But news of significant hacks drives more companies into the
cyberinsurance market despite the costs. According to Bloomberg,
cyberinsurance prices rose nearly 100% in 2021 and keep climbing.
Travelers Insurance, working to justify the leaping costs of its
products, lists the following reasons for higher cybersecurity
prices: a wave of ransomware, rising breach response costs (from
forensic and legal experts to ransom payments and regulatory
fines), increasing tech complexity and budgets, inadequate
cybersecurity hygiene (which is why better controls can now lead to
lower insurance prices), lack of advance response plans, and
business interruption expenses. Shutting down business operations
may be a way for criminals to force ransom payments, but it also
creates an expensive risk reduction system, and all companies are
suffering from it.

However, for the price of protection, you would expect your
insurance company to pay to remediate a properly-reported
cyberattack.  Property insurers have long excluded “acts
of war” from insurable damage that would receive payments.
Most cyberinsurance policies have similar exclusions. This leads
insurance customers to wonder, in a world where hackers and
ransomware gangs from Russia and Ukraine initiate a significant
percentage of cyberattacks, when would those attacks be considered
“acts of war” during a real shooting war? If your company
is smacked with ransomware from a Russian crew associated with the
Kremlin, will your insurance company exclude the costs from your
cyberinsurance policy as an act of war?

Lloyds of London just released a set of new exclusion clauses
for addressing cyber war. These clauses are for underwriters to
consider placing in Lloyds insurance contracts, and “have been
drafted to provide Lloyd’s syndicates and their (re)insureds
(and brokers) with options in respect of the level of cover
provided for cyber operations between states which are not excluded
by the definition of war, cyber war or cyber operations which have
a major detrimental impact on a state.” Lloyds specifies that
the “act of war” exemption language applies to China,
France, Japan, Russia, the U.K and the U.S.  The new clauses
supply underwriters with extensive leeway to refuse to pay
claims.Importantly, Lloyds can decide that the attack was an act of
war even if the attackers do not declare themselves. Pending any
government attribution of an attacker, Lloyds can decide through
reasonable inference to attribute any attack to state activities,
and therefor falling within the “act of war”
exclusion.

Property insurers have long excluded “acts of
war” from insurable damage that would receive payments. Most
cyberinsurance policies have similar exclusions. This leads
insurance customers to wonder, in a world where hackers and
ransomware gangs from Russia and Ukraine initiate a significant
percentage of cyberattacks, when would those attacks be considered
“acts of war” during a real shooting war? If your company
is smacked with ransomware from a Russian crew associated with the
Kremlin, will your insurance company exclude the costs from your
cyberinsurance policy as an act of war?
TED CLAYPOOLE

All hope is not lost for businesses relying on cyberinsurance.
Courts tend to hold insurers to high standards when trying to avoid
paying out claims due to broadly-defined exclusions. For example,
earlier this year the Superior Court of New Jersey rules that
insurers can’t use a nation-state “act of war”
cyber-exclusion to avoid covering more than a billion dollars in
damages that Merck claimed it suffered from the NotPetya
cyberattack in 2017. According to Insurance Journal,
” The insurers had tried to use the exclusions to avoid paying
out, citing the fact the NotPetya malware was attributed to Russia
and was meant to be deployed to disrupt and destabilize Ukraine.
The malware wound up affecting thousands of companies worldwide. .
. The cyber attack also attracted the attention of regulatory
scrutiny of so-called “silent cyber” exposure in all
policies.” The court “unhesitatingly” ruled that war
exclusions did not apply in this instance.

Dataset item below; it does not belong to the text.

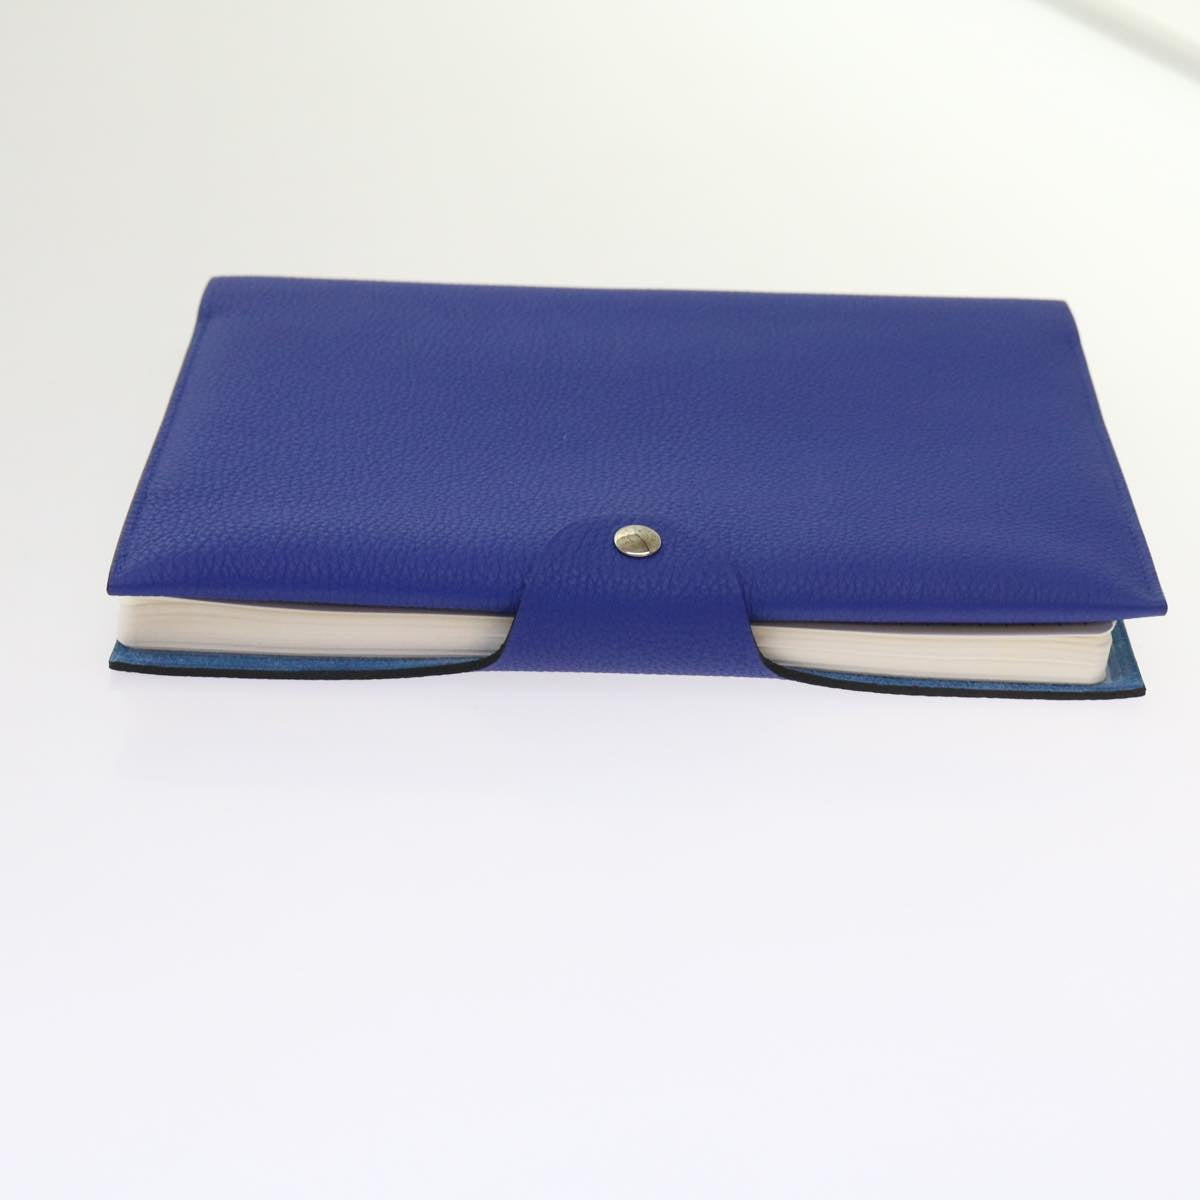 HERMES Uris Neo MM Day Planner Cover Leather Blue Auth 61676A

So an attack from Russian hackers in 2021 may be covered under
most cyberinsurance policies, but what about an attack in March of
2022? Does the state of hostility between the U.S. and Russian
– in which Putin has claimed that sanctions against Russia
and providing arms to Ukraine is an act of war – mean that
ransomware attacks from the same Russian hackers may be considered
acts of war? For example, the Conti ransomware gang has officially
announced its full support of the Russian government after the
invasion of Ukraine and threatened to use all possible researches
to attack both Ukraine and Western countries that might support
Ukraine. It would be easy for US critical infrastructure businesses
to be direct victims of attacks from Russians supporting the
Kremlin, or to be indirect victims of attacks aimed at Ukraine that
spread through open networks like NotPetya or other malicious
viruses. Where would that leave an affected company if its
insurance provider refuses to pay, claiming an “act of
war” exclusion?

We simply don’t know many insurance companies will use these
policy exclusions and will be allowed to do so by U.S. courts. But
each of us should check our cyber insurance policies for exclusions
that could be triggered by current international conflicts.

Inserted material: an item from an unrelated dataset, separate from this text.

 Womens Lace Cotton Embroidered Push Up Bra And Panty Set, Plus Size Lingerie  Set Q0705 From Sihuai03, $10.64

Beyond insurance, international cyberattacks have straddled the
line between standard crime and acts of international state
hostility. Since the internet connected our world electronically,
our societies have not set rules about how public and private
actors are allowed to behave toward each other. Brad Smith, the
President of Microsoft, has called for a Digital Geneva Convention,
so that the nations of the world can agree what acts of electronic
aggression are acceptable in war and even which acts should be
considered to be acts of war. Maybe the current crisis, where a
long-existing state is invaded without provocation, may be the
catalyst to discuss digital hostility and set some rules around
what kinds of interactions will be tolerated by the international
community.

For now, check your cyberinsurance policies.  For
posterity, push our politicians to create baseline rules for the
digital world.  We have promulgated the law of the sea and the
law of space. We should create a law of cyberspace as well.

The content of this article is intended to provide a general
guide to the subject matter. Specialist advice should be sought
about your specific circumstances.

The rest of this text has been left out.